[[ Supplied data, beginning ]]

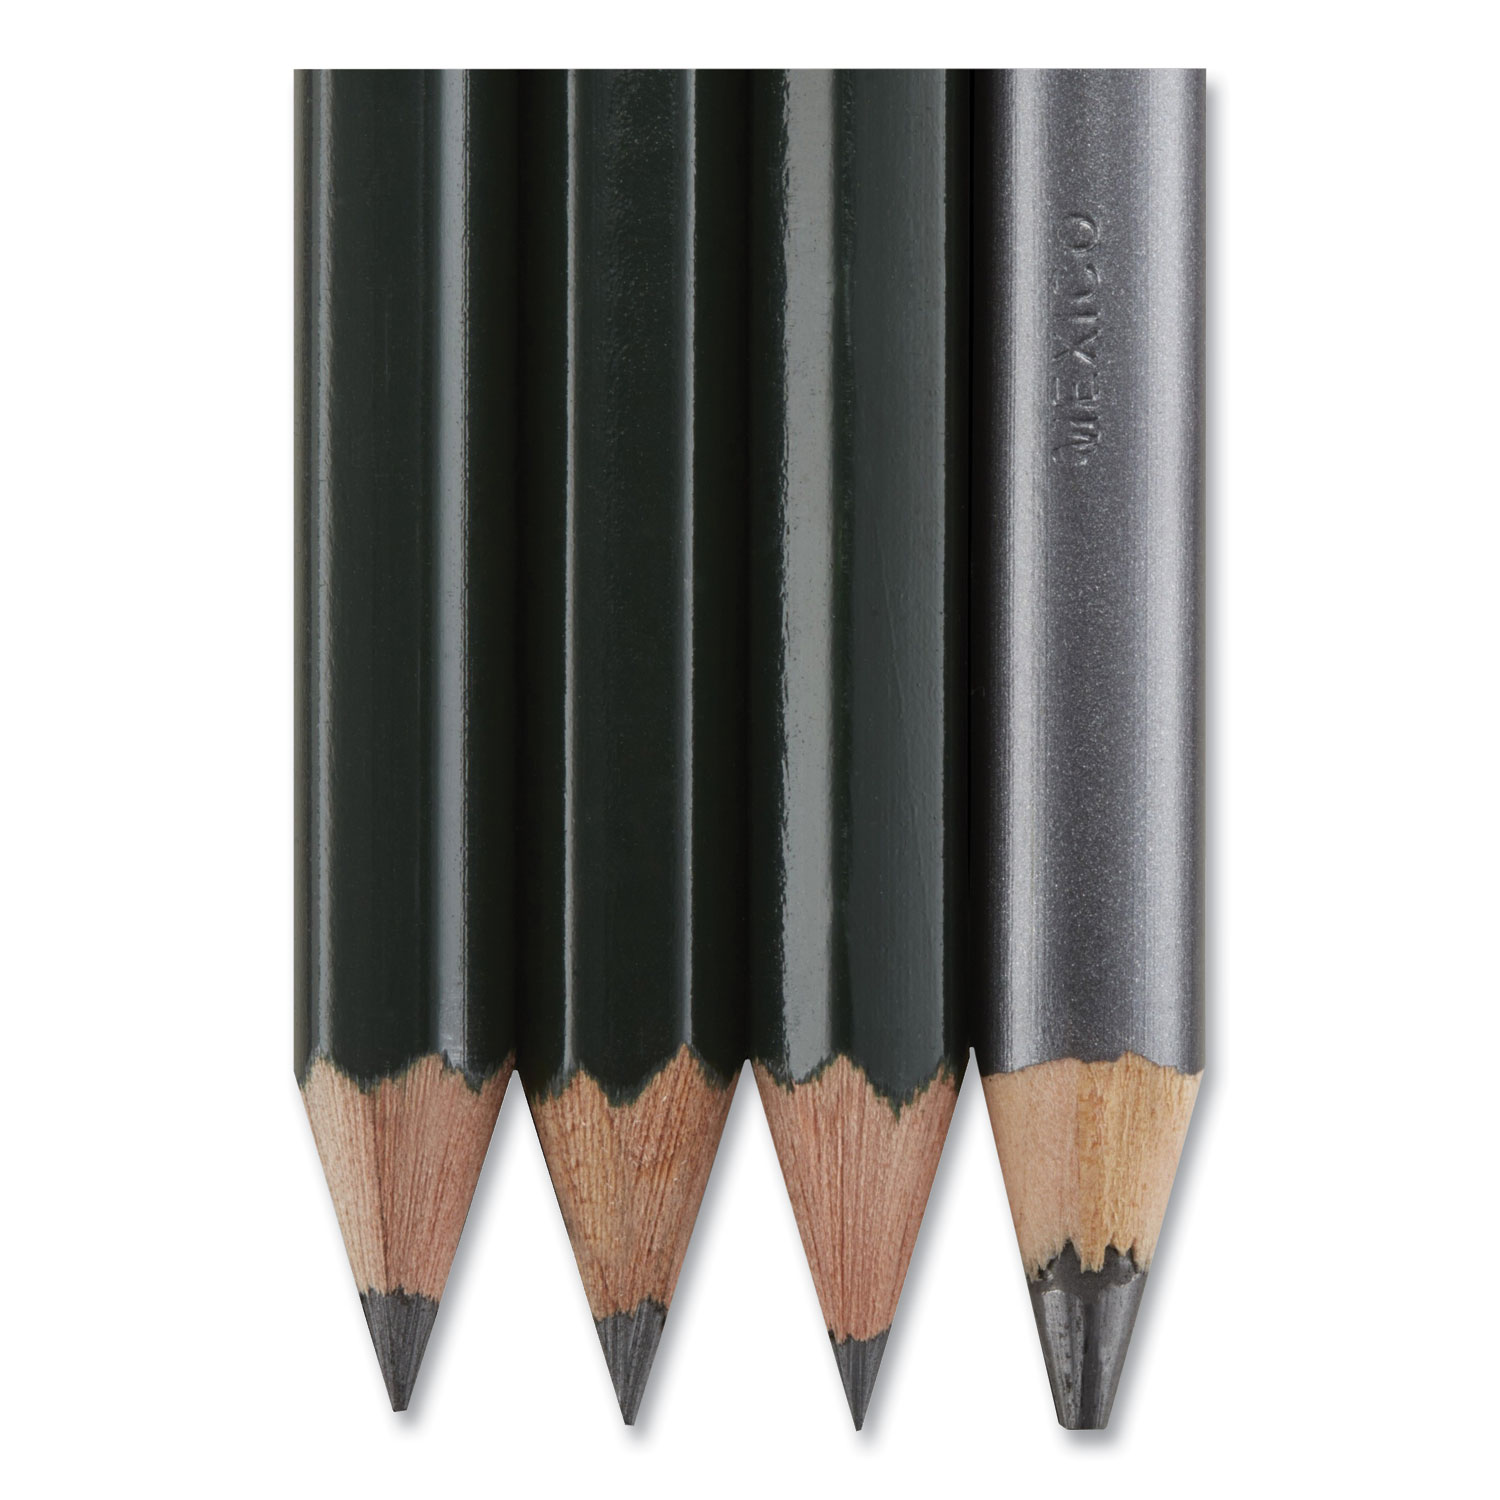 Scholar Graphite Pencil Set, 2 mm, Assorted Lead Hardness Ratings
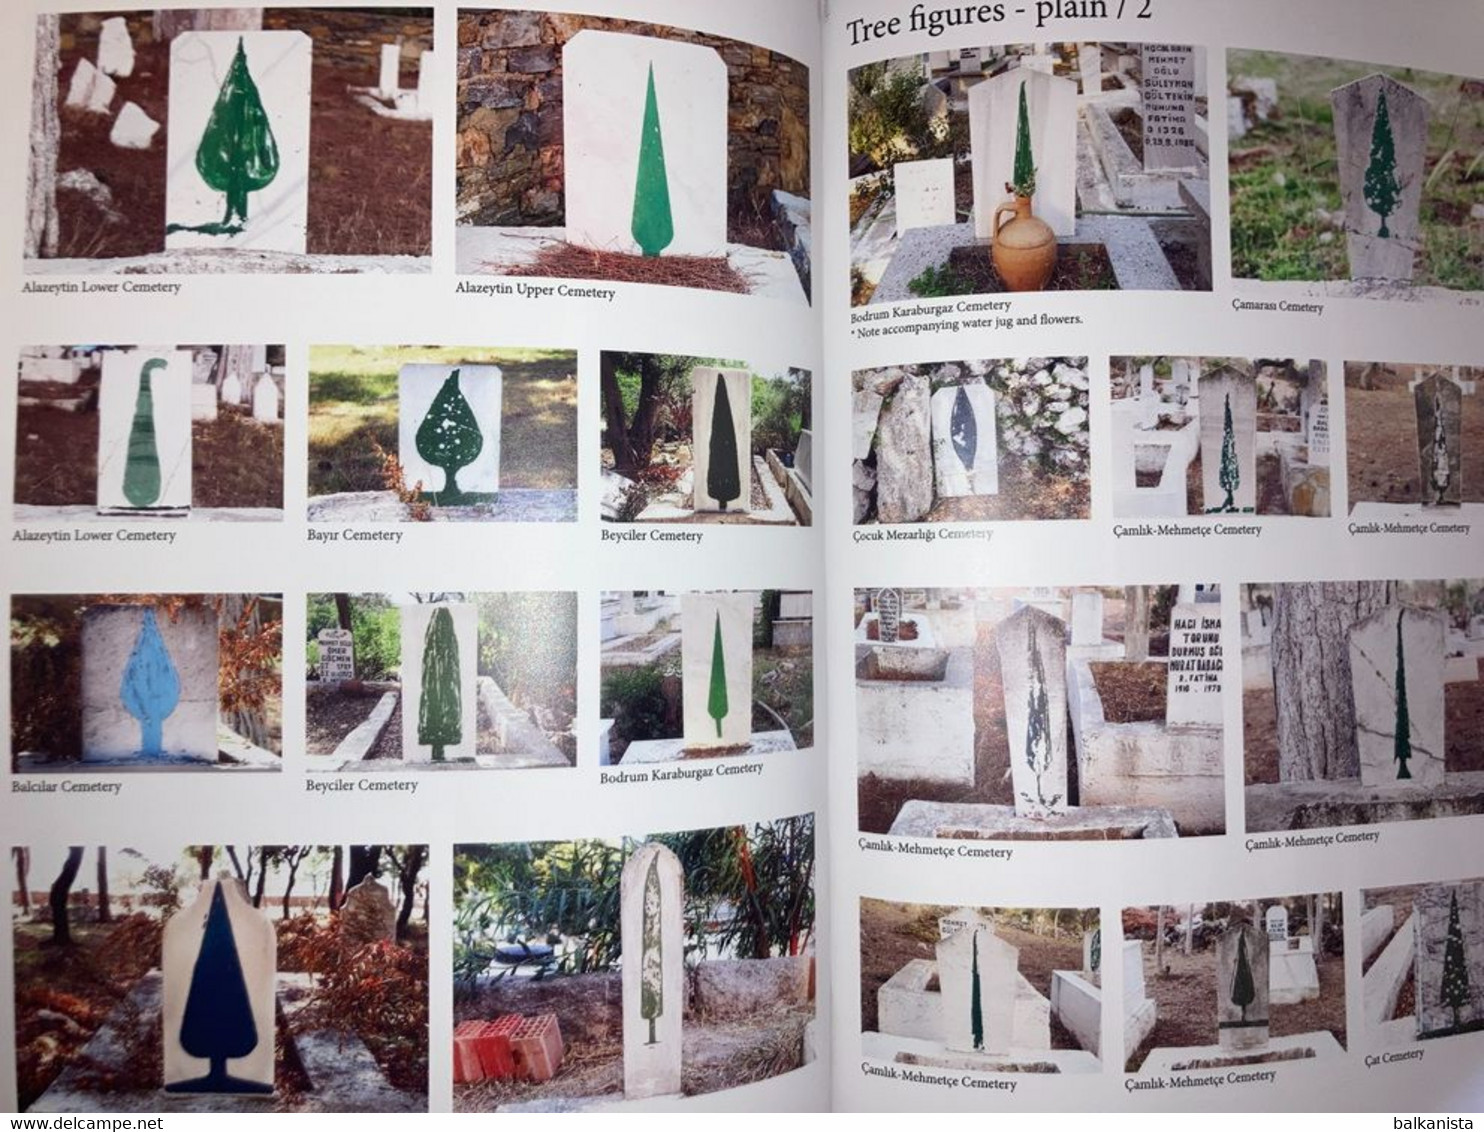 Forests Of The Afterlife Folk Art And Symbolism In Village Cemeteries Of Turkey - Ancient
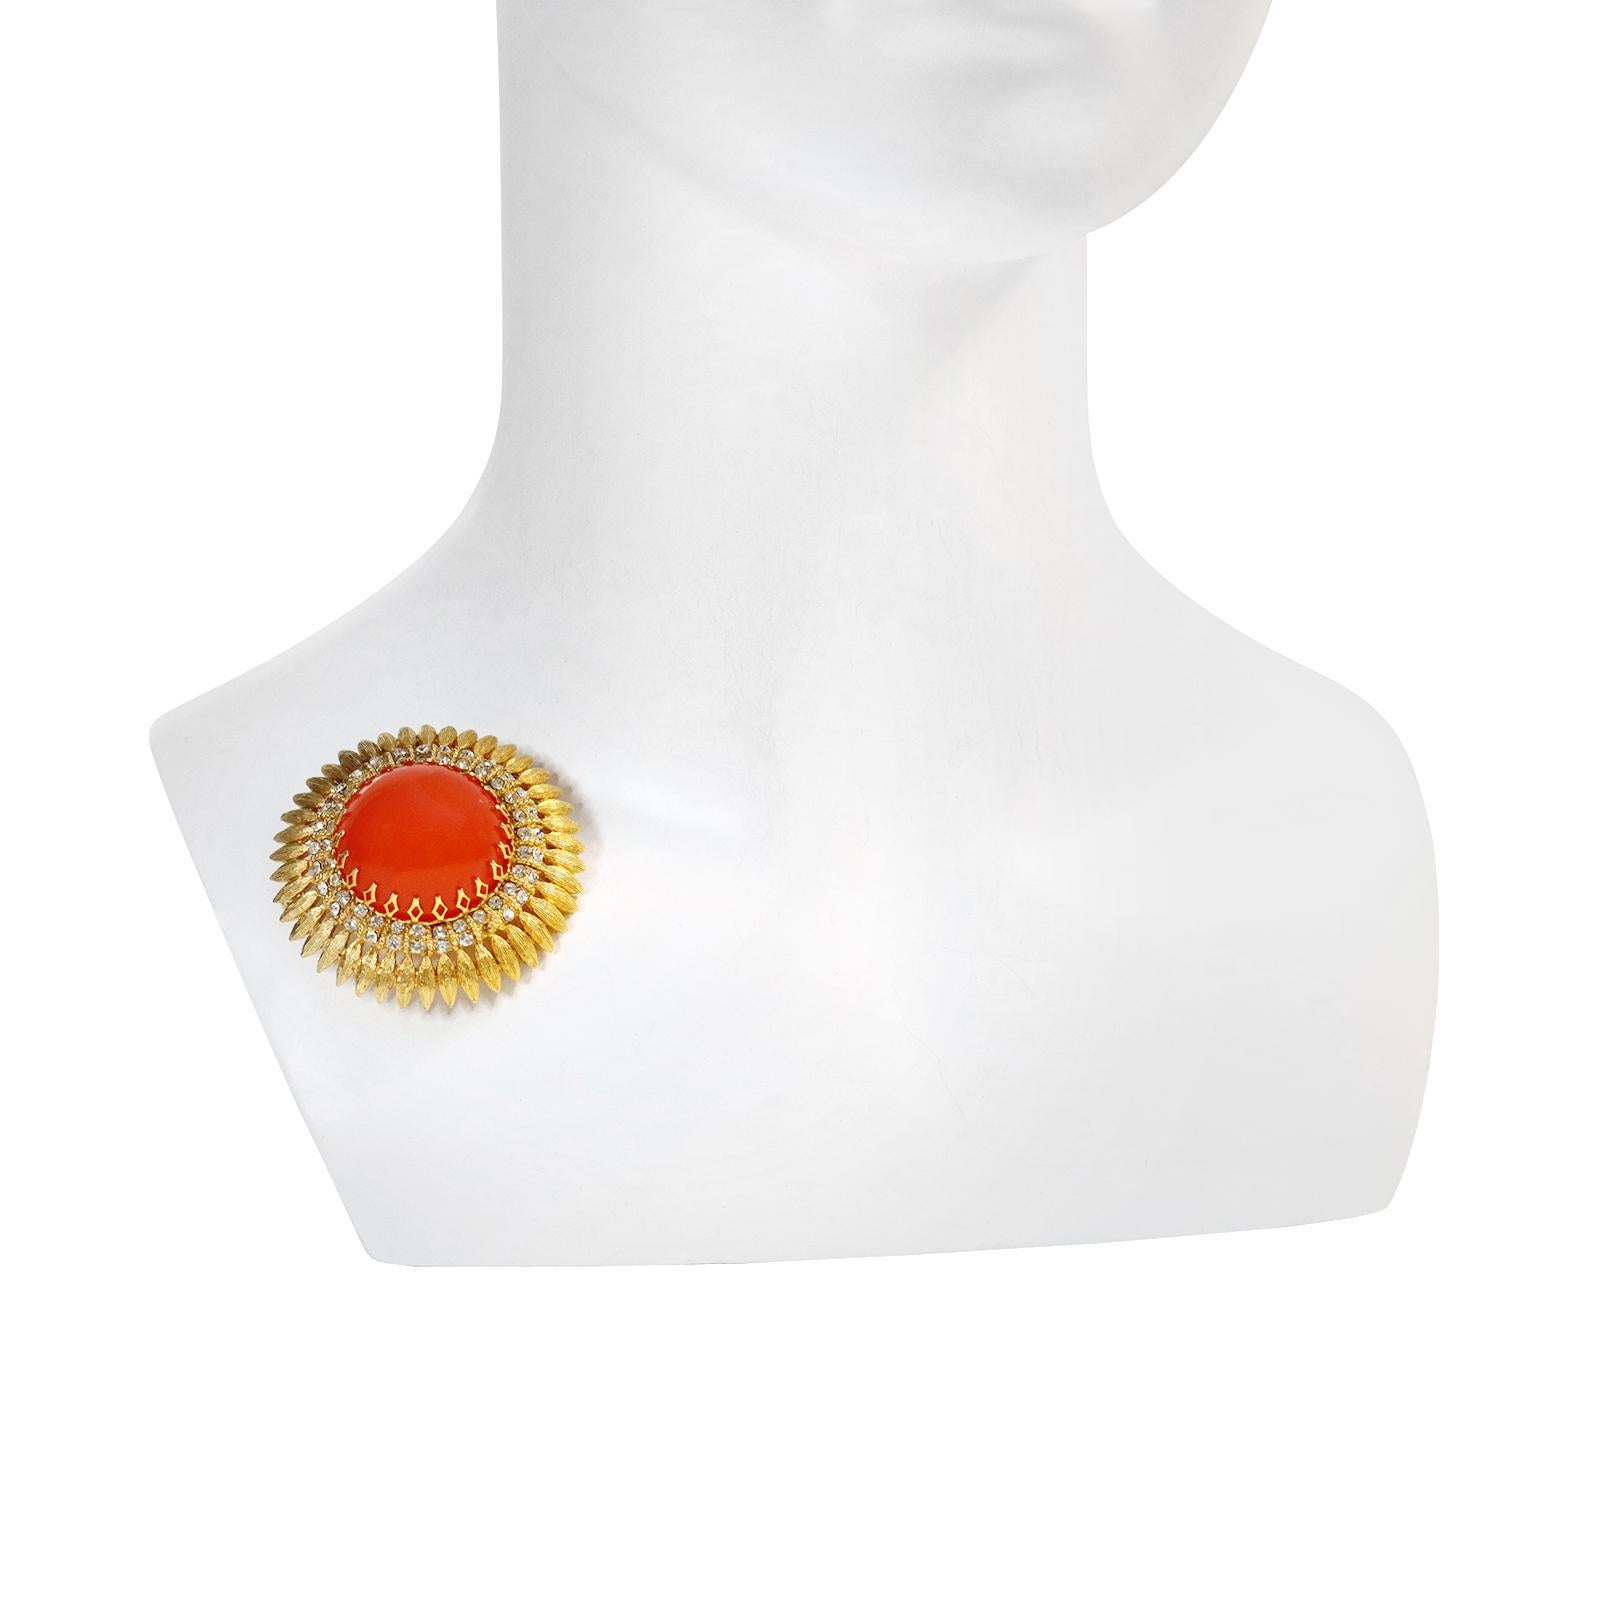 Vintage Domed Faux Coral with Diamante Brooch.  The Brooch is elevated in 3 layers.  Such a chic brooch. The gold against the diamante and the faux coral look great.

[[ Supplied data, end ]]

■ Exercise prompt:
Only the lines from the line with "Forests Of The" to the bottom of the material above should be reproduced, exactly and without pictures.

■ Result:
 Forests Of The Afterlife Folk Art And Symbolism In Village Cemeteries Of Turkey - Ancient
 Vintage Domed Faux Coral with Diamante Brooch.  The Brooch is elevated in 3 layers.  Such a chic brooch. The gold against the diamante and the faux coral look great.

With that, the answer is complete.